Types of Safety Net Providers

Federally Qualified Health Centers (FQHCs)

are public and private non-profit health care organizations that meet federally mandated requirements to provide comprehensive and appropriate health care services to a medically underserved population. They must also adjust service fees based on patients ability to pay, have an ongoing qualify assurance program, and have a governing board of directors. In turn, FQHCs receive reimbursements from Medicaid through their Prospective Payment System. They also can also apply for the Health Center Program grant from the U.S. Department of Health and Human Resources and Services Administration.

Federally Qualified Health Centers Look-Alikes (FQHCs look-alikes)

FQHCs that meet all the federal health center program requirements but don't receive health center grant funding are called FQHC look-alikes. These FQHCs are typically non-profit community health centers and regional clinical associations.

Rural Health Centers (RHC)

Rural Health Centers are public, private, or non-profit health centers that provide primary care to Medicaid and Medicare populations in rural areas. RHC status is designated by the Centers for Medicare and Medicaid Services, providing enhanced reimbursements rates for services. A health center cannot be both an RHC and a FQHC.
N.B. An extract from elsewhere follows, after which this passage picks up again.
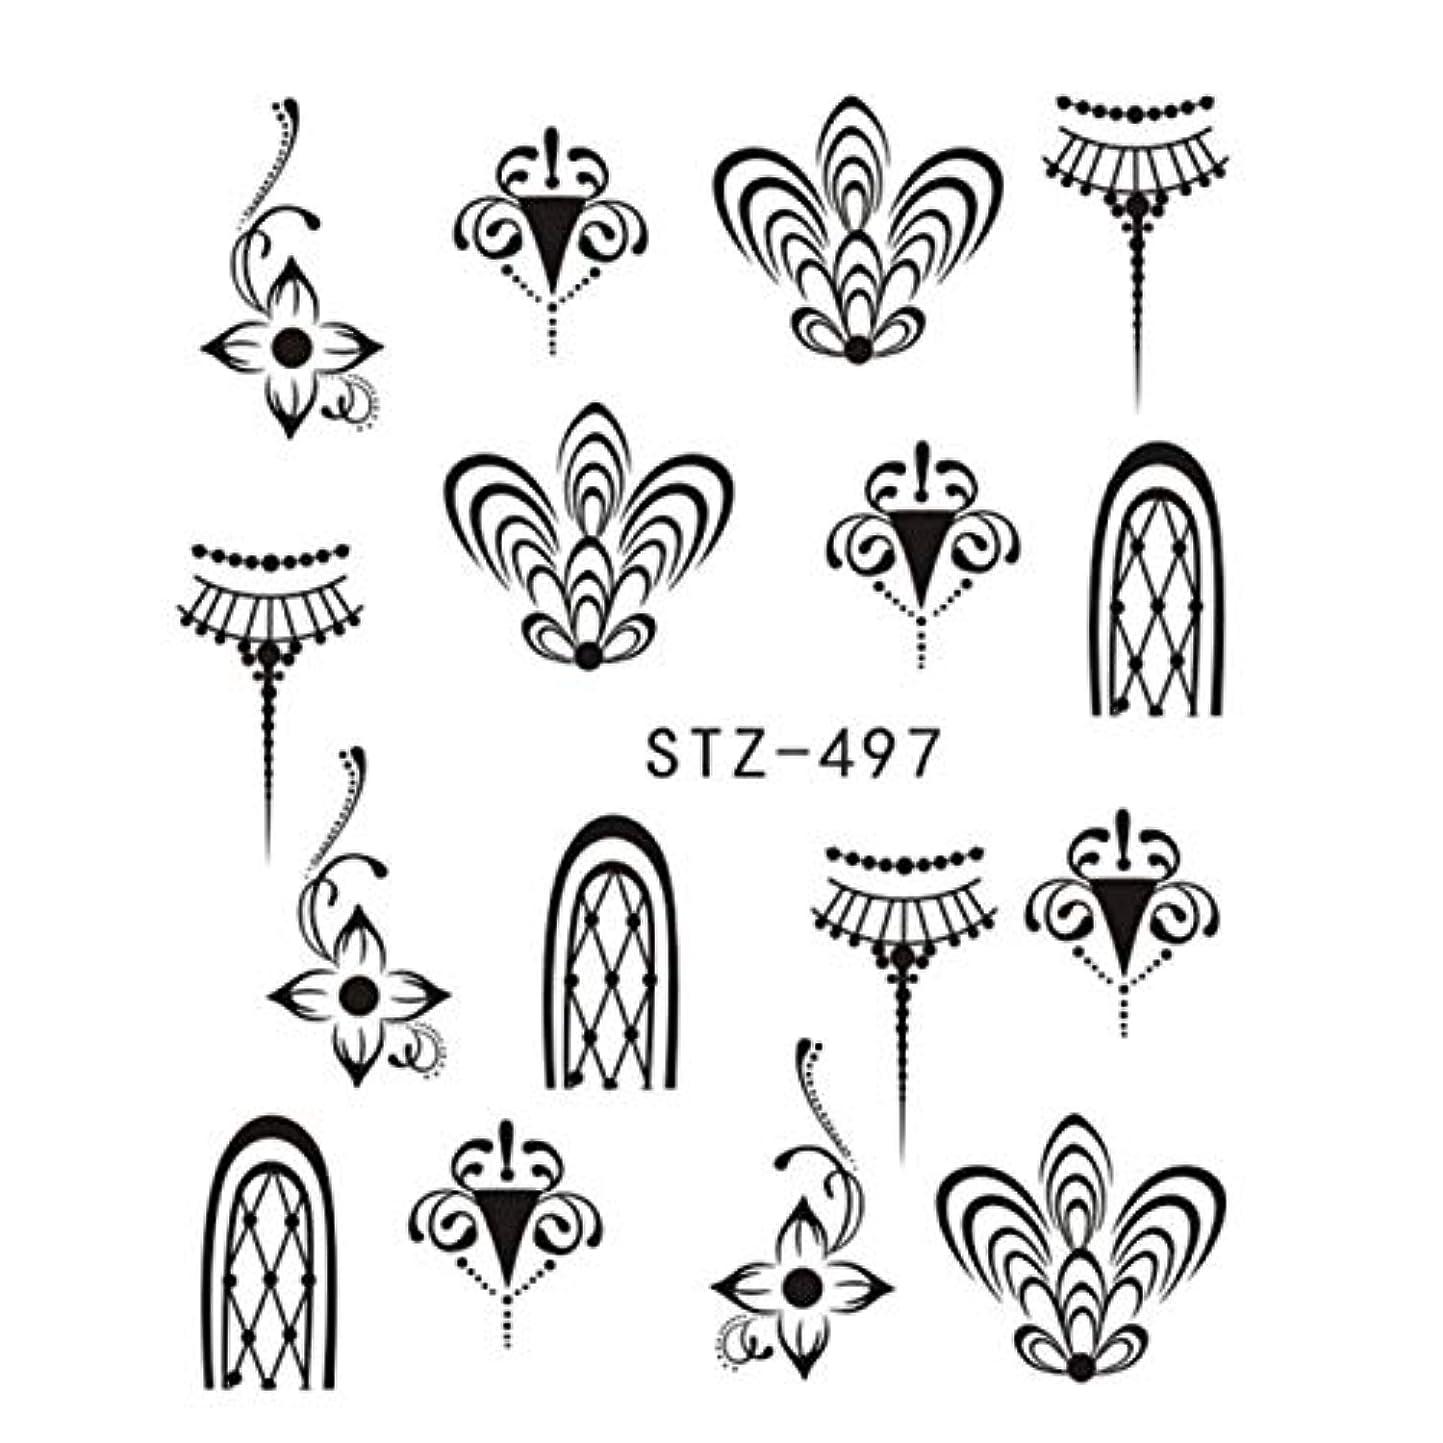 敬な年金受給者用心するサリーの店 パステルデザインパターン新しい芸術芸術装飾芸術装飾芸術(None STZ497)
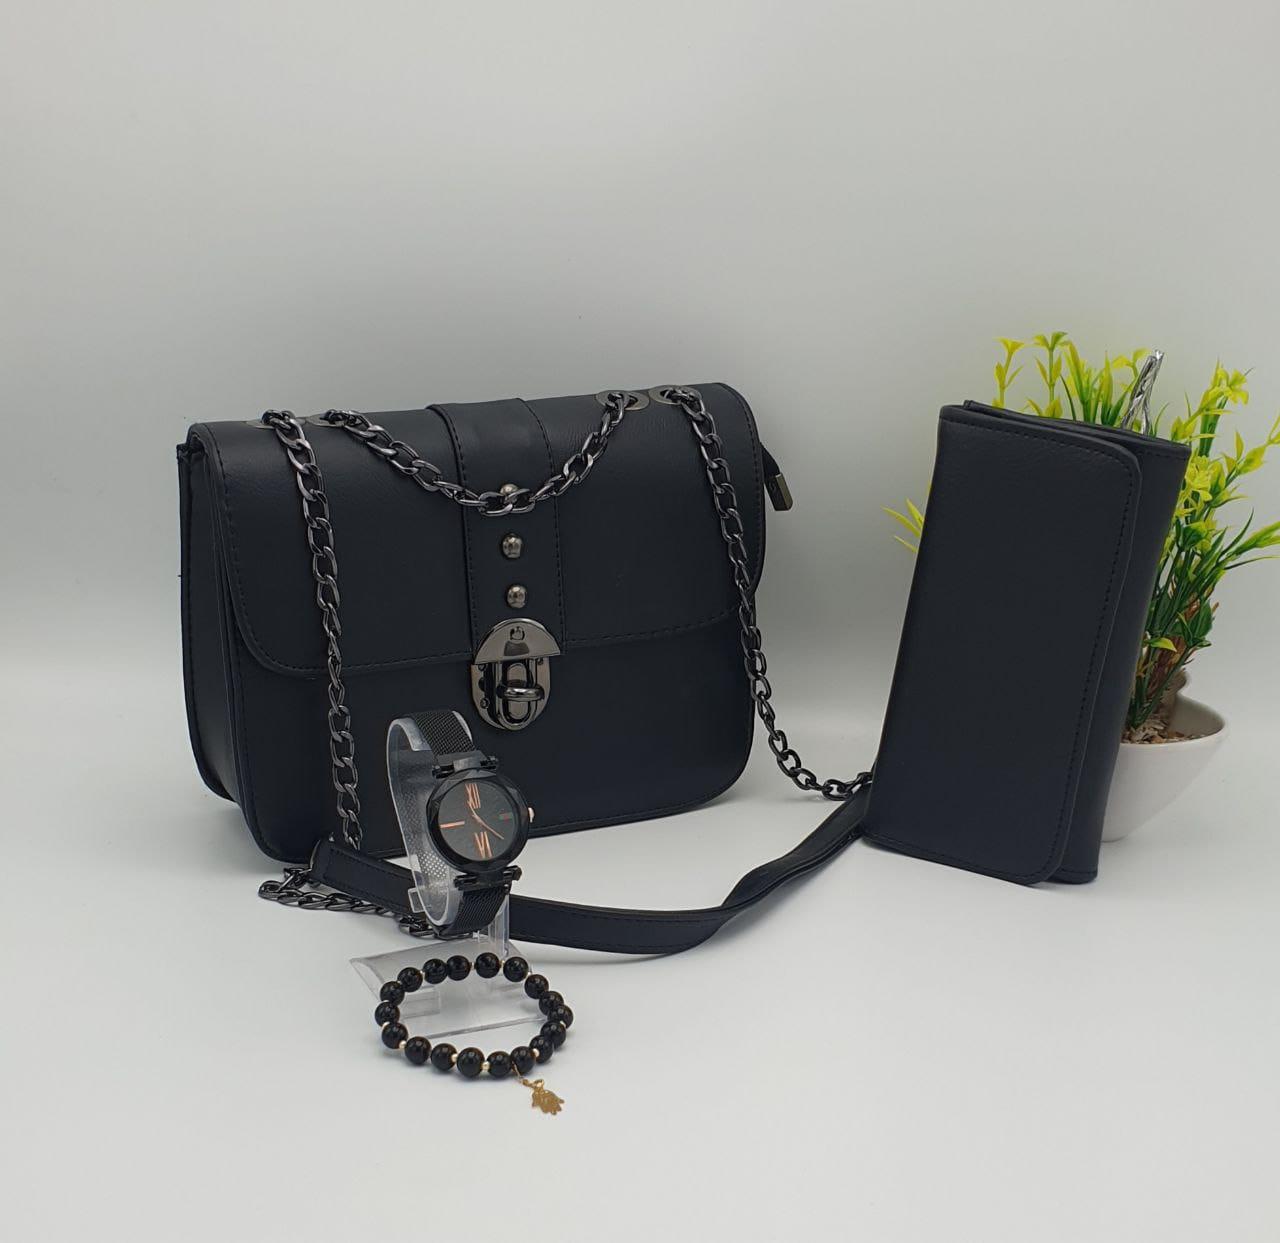 Coffret Sac 4 pieces princesse, Noir, sac bracelet porte feuille montre

Disproportionate Share Hospitals (DSH)

are characterized by a significantly high number of low-income patients that is disproportionate. These hospitals do not receive payment for their services and are not reimbursement by Medicare, Medical, health insurance, or the Children's Health Insurance Program. State submit independent certified audits along with an annual report detailing how their payments to each DSH Hospital. After doing so they states receive Federal Financial Participation, an annual allotment.

Community Health Centers

Community Health Centers are clinics with a mission to provide care to low-income populations regardless of their ability to pay. However, they do not have to meet any federal requirements because they do not receive federal funding or reimbursements from medicare or medical. They usually operate through donations.

List of Safety Net Hospitals in the United States

Alabama

The 21 hospitals part of California's health care safety net system is represented by the California Association of Public Hospitals and Health Systems. These 21 hospitals are 6% of all the hospitals in California but provide care for 80% of the state's population. 40% of their total hospital services is for uninsured patients and 35% is for Medicaid Patients.
Studies have shown that safety net hospitals, when compared to non-safety net hospitals, do not perform as well in overall patient care and patient experience ratings. In response to these critiques, safety net hospitals have put emphasis on their attempts to increase their patient experience scores and are developing training classes for customer service that includes employee evaluations as well as employee orientations and advocating for policy changes that could improve the patient experience. Hospitals are trying to increase their compassion and quality of care in order to satisfy patient experiences. Patients who receive satisfying cares are more likely to introduce the hospital to others vs. when they leave with unsatisfaction; therefore, ultimately this would affect the number of patients visiting the revenue of the hospital.